Asking the Tough Questions

In the movie “Three Men and a Baby” — the story of three bachelors suddenly finding themselves with a baby to care for — there is a scene where two of the men return from an evening out to find their friend, played by Tom Selleck, reading the baby to sleep. When one of them suddenly realizes Selleck is reading the sports page, he exclaims “How can you read the sports page to a baby?!” Calmly, Selleck replies, “It’s not what you say, but how you say it,” then continues to read the rest of the sports page to the baby in the sweetest sing-song tone of voice.

This response applies to selling as well. How you say something is just as important as what it is you are saying. Too often during practice exercises in my Strategic Probing programs, I see reps — at all experience levels — asking key, but sensitive, questions poorly, or worse, not asking these questions at all. Examples of such key, sensitive questions include:

  • Who really makes the decisions?

  • What do you really think of my web site?
  • Why were we really knocked off the plan last year?
  • How much money do you really have?
  • How deep in the category are you really going?
  • What’s really going on in this account?
  • How much do you really know about your account’s business?
  • How much of a risk taker are you really?
  • How much will you really fight for my web site?
  • What’s the real objection to advertising with us?

The bottom line: You need the answers to these questions to win business.
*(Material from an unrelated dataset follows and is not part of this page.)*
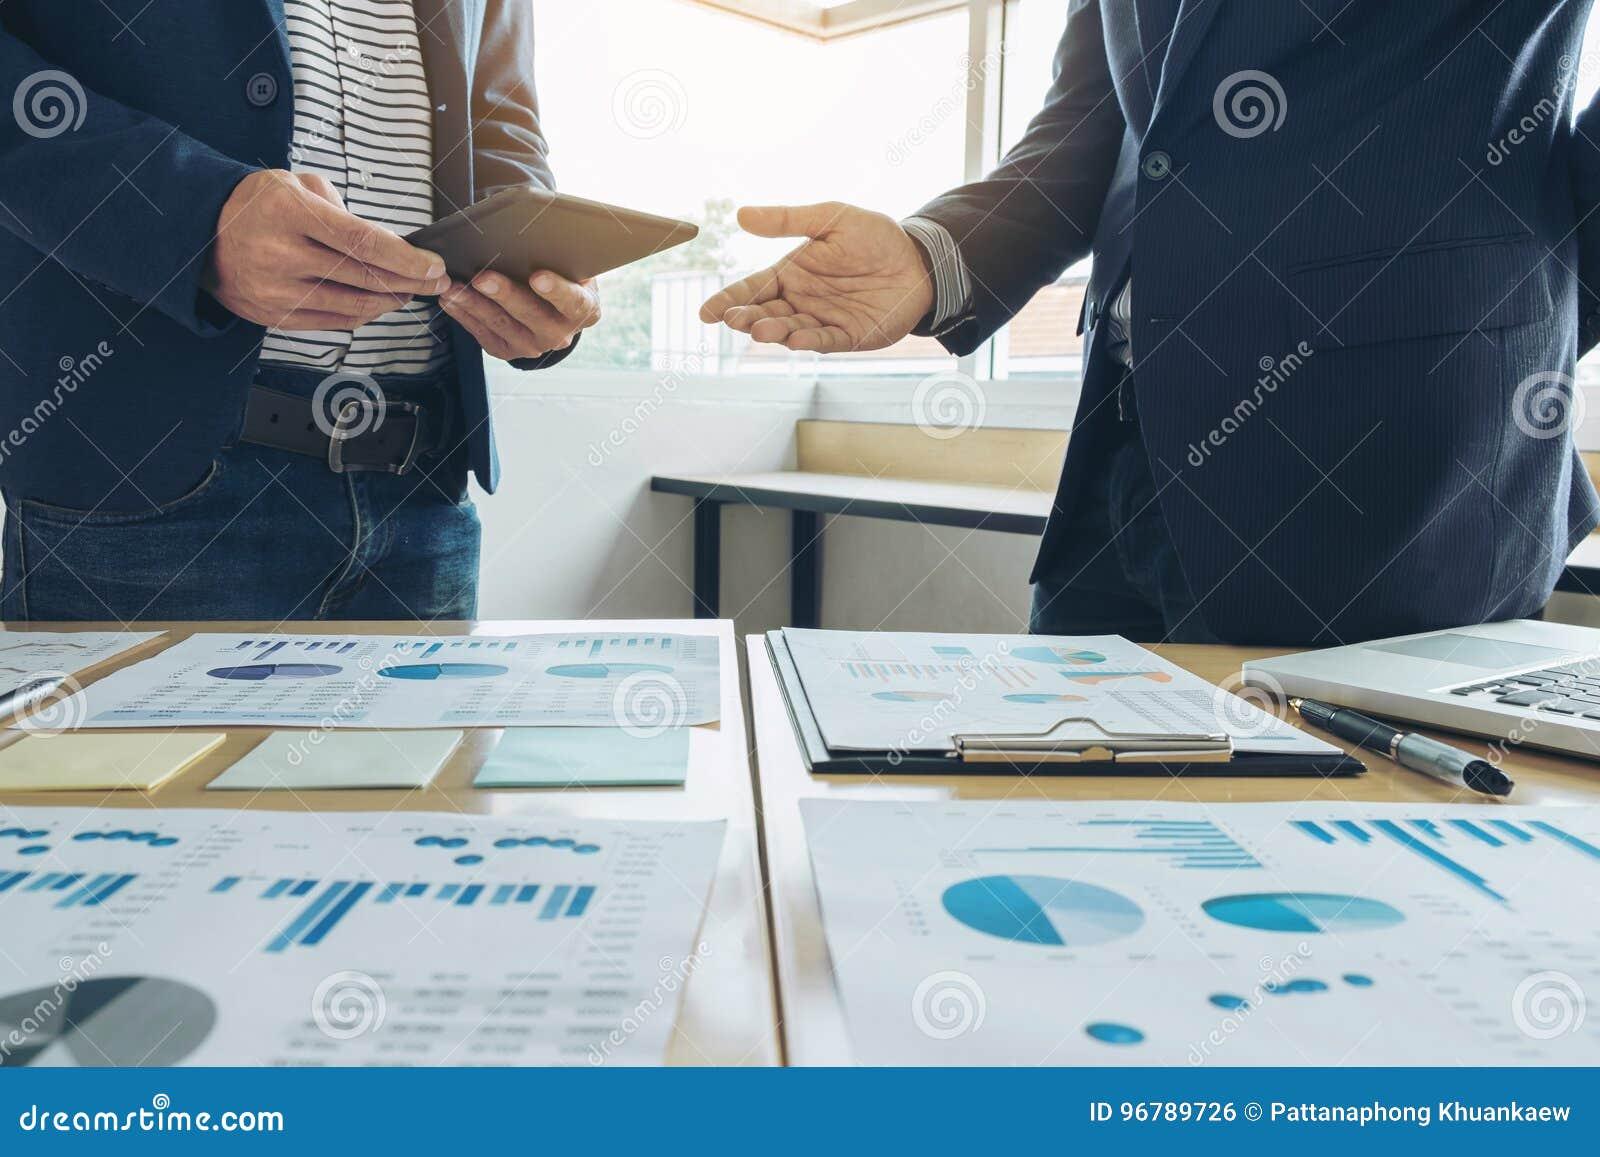 Συνεδρίαση των επιχειρησιακών ομάδων παρούσα νέα ιδέα παρουσίασης γραμματέων και παραγωγή της έκθεσης στον επαγγελματικό επενδυτή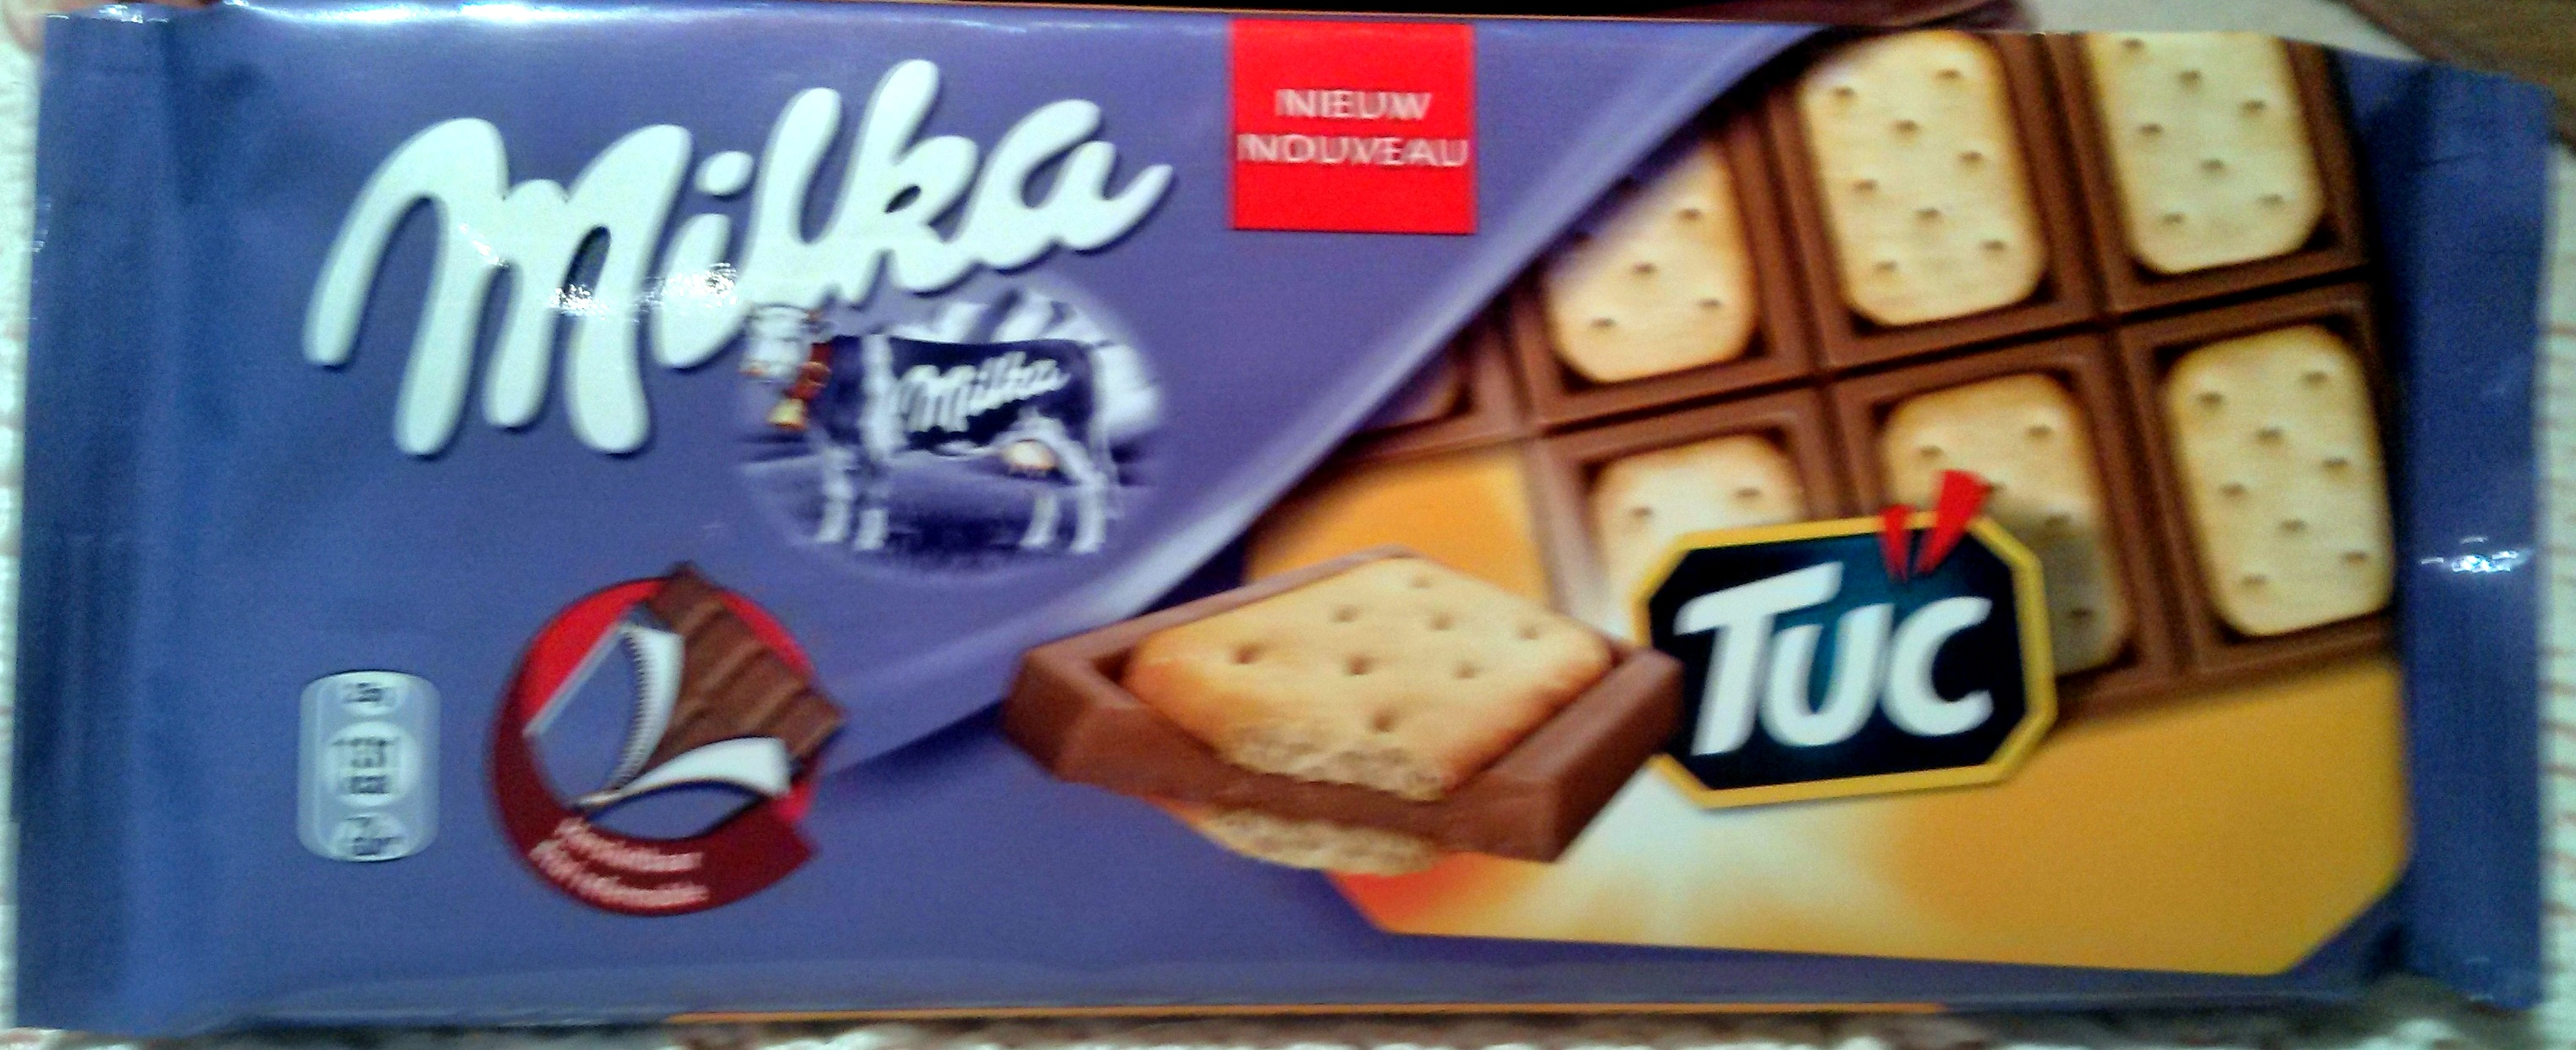 milka avec tuc - Produit

Without them, you’re competing at a serious information disadvantage. What’s the solution?

“Cushion” Your Question

A “cushion” is a phrase that precedes the tough or sensitive question. The cushion phrase is very conversational and does not make the buyer feel pressured. Rather, it makes the buyer feel important and comfortable about answering the question. It is spoken, not in Selleck’s sweet sing-song tone, but with a tone of genuine curiosity for the buyer’s answer and with respect for that individual. Most important, cushions help reps feel more comfortable asking these questions.

Cushions can be used with open or closed questions. Below are several examples. The cushions are identified in italics. They are then followed by the question.

  1. Every agency (media department, account, ad director, brand manager, etc.) works differently (has its/his or her own special needs, own priorities, preferences, etc.). Tell me (Help me understand) what criteria will be used here in this agency (department, company, etc.) to select online media for your new campaign?

  2. No two planners view XYZ web site (set priorities, decide, work with their clients) the same way. Where do you rank our site on your plan? (What are your priorities?)
  3. You know the situation (the client, the budgets, the marketing strategy) best. What could knock us off the list? (Will you be spending at the same levels you did last year? Are there opportunistic funds for sponsorships?)
  4. I could help you better if I understood how you decided last year’s list. Why weren’t we considered? (What are your priorities?)

Special Situations

  1. In cases where you are looking to test or float some ideas but don’t quite know how to couch the question, you might say:

    “We’re seeing a lot of interest in sponsorships (streaming, database marketing, etc.). To what extent do you see interest in that for yourself?” (Who on the account is interested in things like that?)

  2. If you’re feeling very intimidated, try:

    “I could be out of line here, but let me ask you, Why would you use web sites A, B, and C and miss the….. on our site?” (If the buyer feels you are out of line and says so, the easy reply is a simple “Sorry” or a humorous answer, depending on your personal style. If the buyer does not give an answer, he or she will certainly appreciate your courtesy, which can only help the overall relationship.)

  3. You may represent a web site that arouses strong feelings in people because of its content (for example, political) and/or because of your target audience (for example, children). A media planner may not comfortably announce his or her bias or ignorance. However, it is imperative that you get a true reading of the situation on that account. Try:

    “Jack, it sometimes happens that while an agency can see the value of my web site, we get shot down because of client prejudices, prior past experience, personal dislike of the content, etc. To what extent is that true here?”

Summary: Information Is Power

Complete and critical information starts a positive sales chain reaction. Without it, it’s hard to present the right story, anticipate the right objections, and close the business. If you are not currently at ease getting sensitive information, try cushions. They’re easy to use, they come across as natural conversation so the buyer doesn’t feel like he or she is being interrogated, and they are comfortable for both you and your advertiser.